Identification of a small molecule as inducer of ferroptosis and apoptosis through ubiquitination of GPX4 in triple negative breast cancer cells.

作者信息

Ding Yahui, Chen Xiaoping, Liu Can, Ge Weizhi, Wang Qin, Hao Xin, Wang Mengmeng, Chen Yue, Zhang Quan

机构信息

State Key Laboratory of Medicinal Chemical Biology, College of Pharmacy and Tianjin Key Laboratory of Molecular Drug Research, Nankai University, Haihe Education Park, 38 Tongyan Road, Tianjin, 300353, People's Republic of China.

Accendatech Company, Ltd., Tianjin, 300384, People's Republic of China.

出版信息

J Hematol Oncol. 2021 Jan 20;14(1):19. doi: 10.1186/s13045-020-01016-8.

DOI:10.1186/s13045-020-01016-8
PMID:33472669
原文链接:https://pmc.ncbi.nlm.nih.gov/articles/PMC7816340/
Abstract

BACKGROUND

TNBC is the most aggressive breast cancer with higher recurrence and mortality rate than other types of breast cancer. There is an urgent need for identification of therapeutic agents with unique mode of action for overcoming current challenges in TNBC treatment.

METHODS

Different inhibitors were used to study the cell death manner of DMOCPTL. RNA silencing was used to evaluate the functions of GPX4 in ferroptosis and apoptosis of TNBC cells and functions of EGR1 in apoptosis. Immunohistochemical assay of tissue microarray were used for investigating correlation of GPX4 and EGR1 with TNBC. Computer-aided docking and small molecule probe were used for study the binding of DMOCPTL with GPX4.

RESULTS

DMOCPTL, a derivative of natural product parthenolide, exhibited about 15-fold improvement comparing to that of the parent compound PTL for TNBC cells. The cell death manner assay showed that the anti-TNBC effect of DMOCPTL mainly by inducing ferroptosis and apoptosis through ubiquitination of GPX4. The probe of DMOCPTL assay indicated that DMOCPTL induced GPX4 ubiquitination by directly binding to GPX4 protein. To the best of our knowledge, this is the first report of inducing ferroptosis through ubiquitination of GPX4. Moreover, the mechanism of GPX4 regulation of apoptosis is still obscure. Here, we firstly reveal that GPX4 regulated mitochondria-mediated apoptosis through regulation of EGR1 in TNBC cells. Compound 13, the prodrug of DMOCPTL, effectively inhibited the growth of breast tumor and prolonged the lifespan of mice in vivo, and no obvious toxicity was observed.

CONCLUSIONS

These findings firstly revealed novel manner to induce ferroptosis through ubiquitination of GPX4 and provided mechanism for GPX4 inducing mitochondria-mediated apoptosis through up-regulation of EGR1 in TNBC cells.
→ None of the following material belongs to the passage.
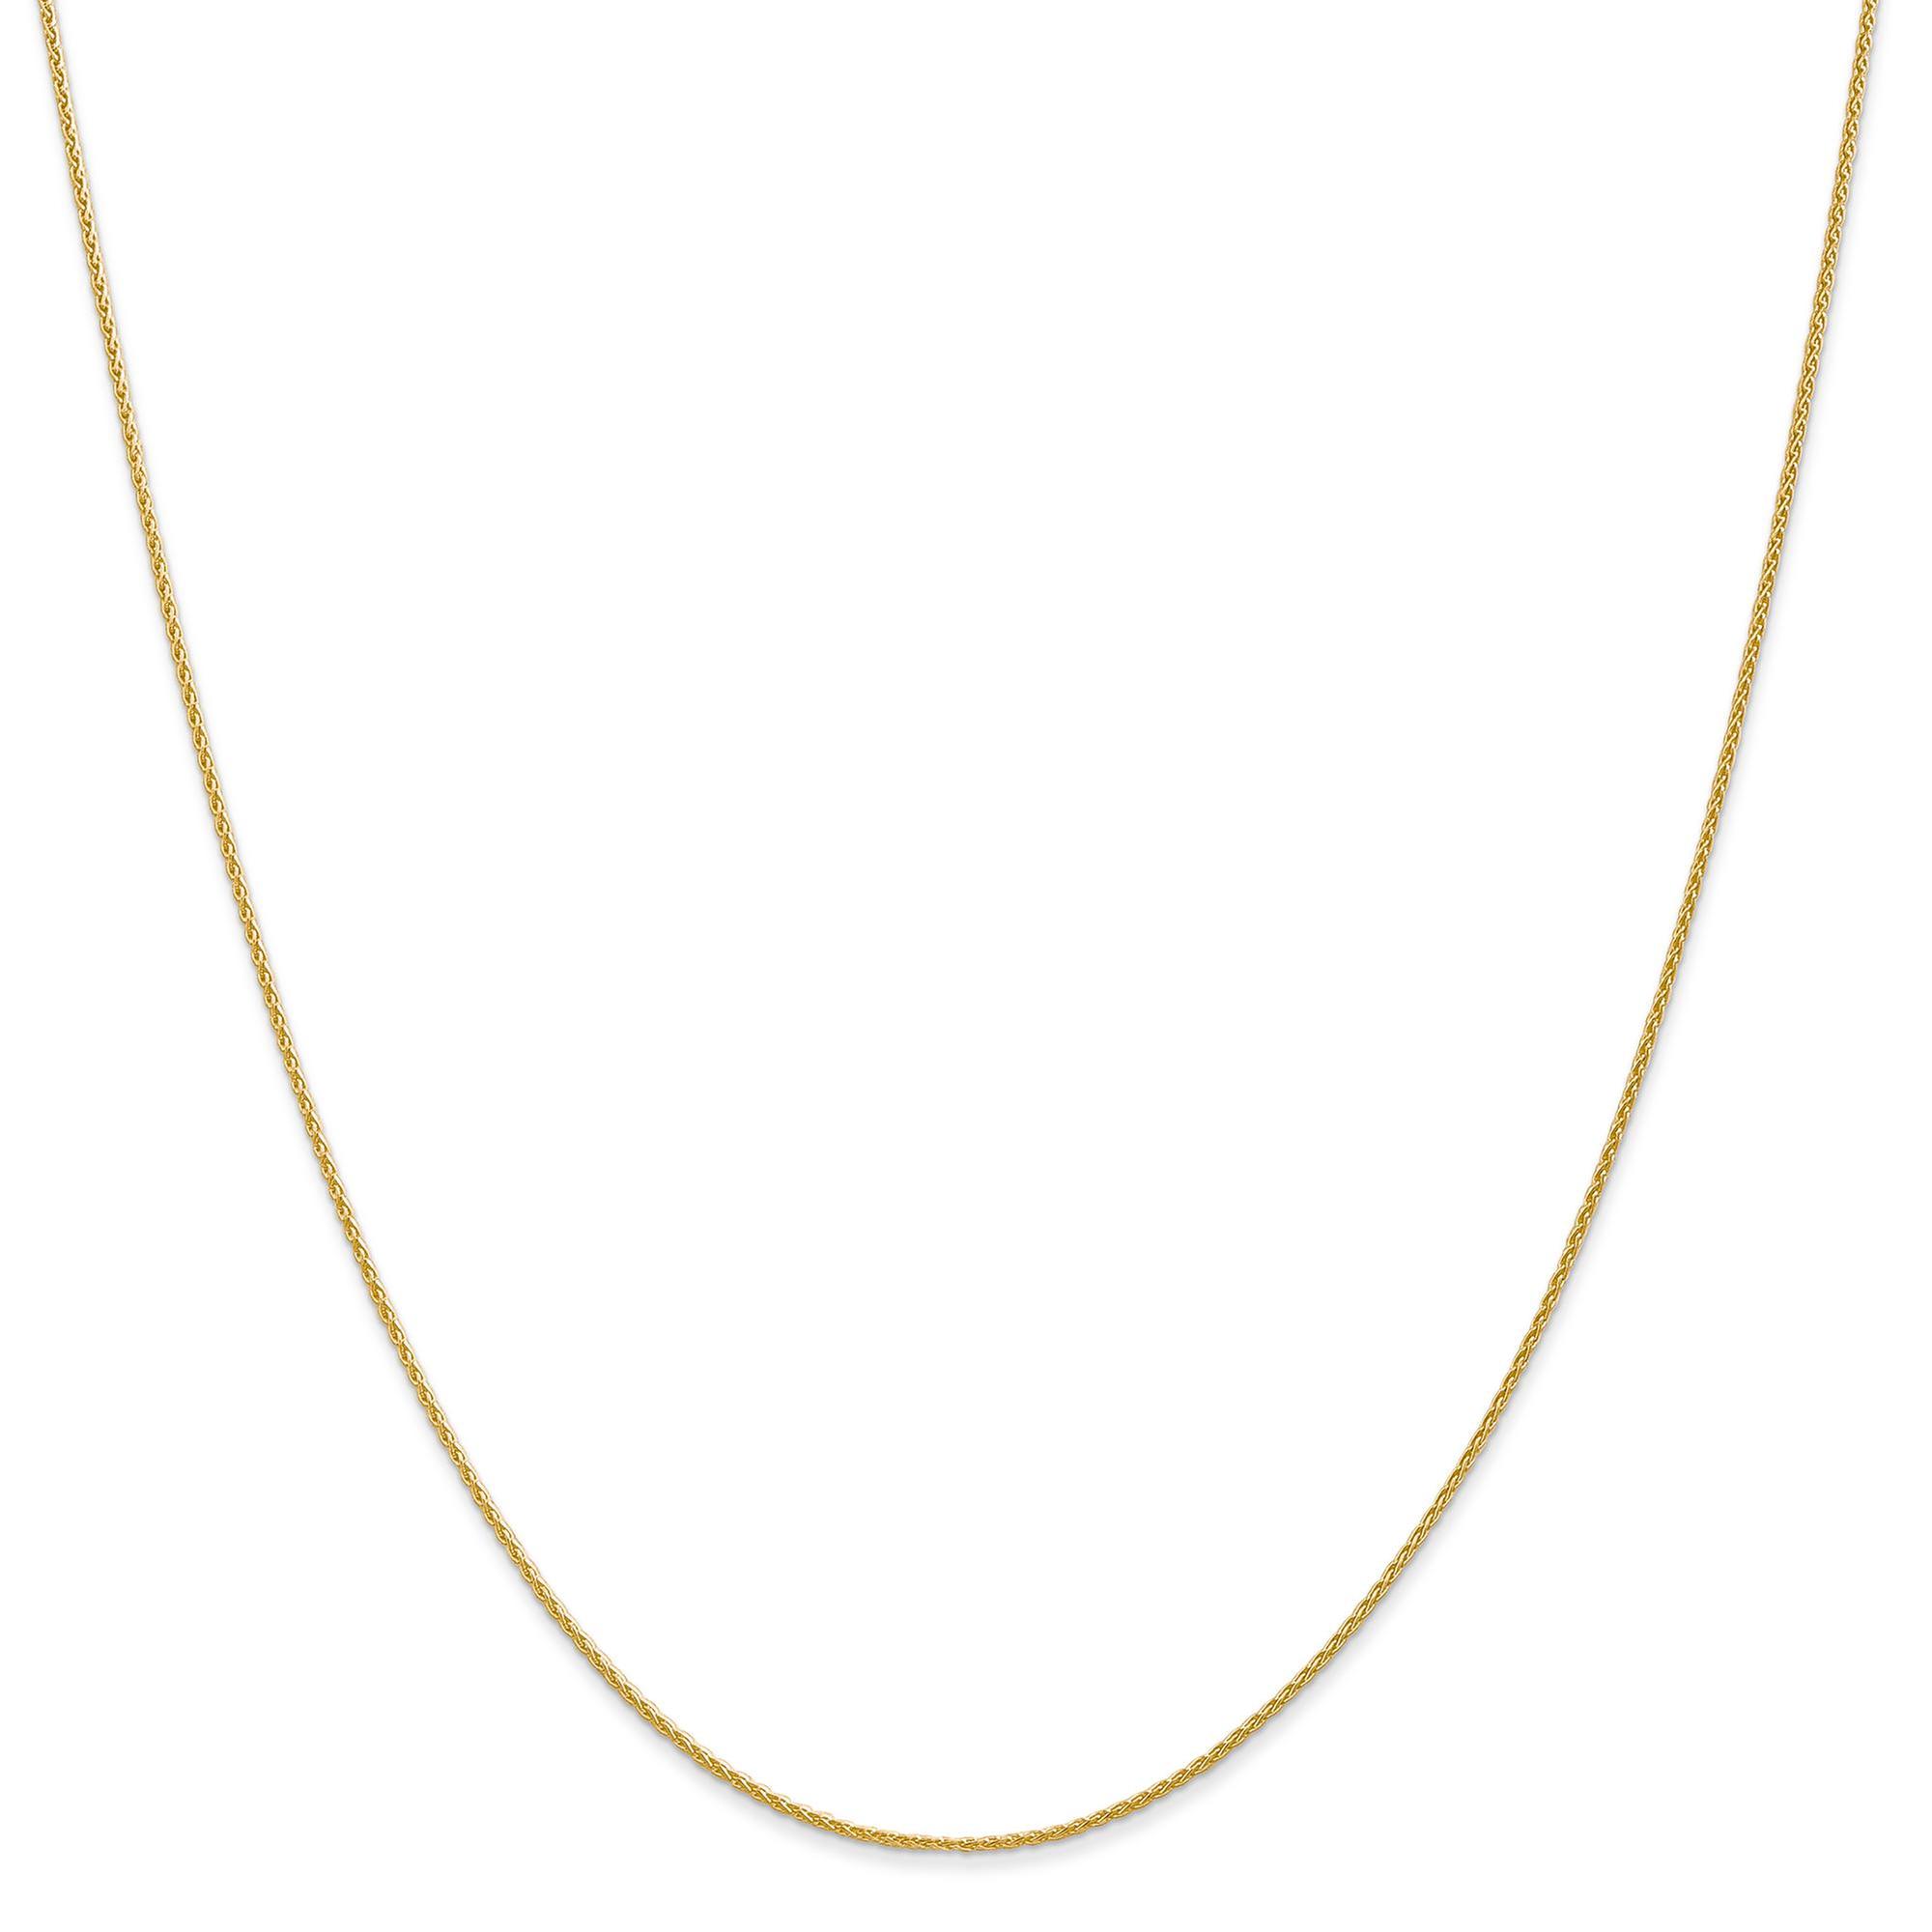 New Square Wheat Spiga Chain Necklace 14k Yellow Gold 0.7mm

Moreover, compound 13 deserves further studies as a lead compound with novel mode of action for ultimate discovery of effective anti-TNBC drug.

摘要

背景

三阴性乳腺癌(TNBC)是最具侵袭性的乳腺癌,其复发率和死亡率高于其他类型的乳腺癌。迫切需要鉴定具有独特作用方式的治疗药物,以克服TNBC治疗中的当前挑战。

方法

使用不同的抑制剂来研究DMOCPTL的细胞死亡方式。RNA沉默用于评估GPX4在TNBC细胞铁死亡和凋亡中的功能以及EGR1在凋亡中的功能。组织微阵列的免疫组织化学分析用于研究GPX4和EGR1与TNBC的相关性。计算机辅助对接和小分子探针用于研究DMOCPTL与GPX4的结合。

结果

DMOCPTL是天然产物小白菊内酯的衍生物,与母体化合物PTL相比,对TNBC细胞的活性提高了约15倍。细胞死亡方式分析表明,DMOCPTL的抗TNBC作用主要是通过GPX4的泛素化诱导铁死亡和凋亡。DMOCPTL分析探针表明,DMOCPTL通过直接结合GPX4蛋白诱导GPX4泛素化。据我们所知,这是首次通过GPX4泛素化诱导铁死亡的报道。此外,GPX4调节凋亡的机制仍不清楚。在这里,我们首先揭示GPX4通过调节TNBC细胞中的EGR1来调节线粒体介导的凋亡。DMOCPTL的前药化合物13在体内有效抑制乳腺肿瘤生长并延长小鼠寿命,且未观察到明显毒性。

结论

这些发现首先揭示了通过GPX4泛素化诱导铁死亡的新方式,并为GPX4通过上调TNBC细胞中的EGR1诱导线粒体介导的凋亡提供了机制。此外,化合物13作为具有新型作用方式的先导化合物值得进一步研究,以最终发现有效的抗TNBC药物。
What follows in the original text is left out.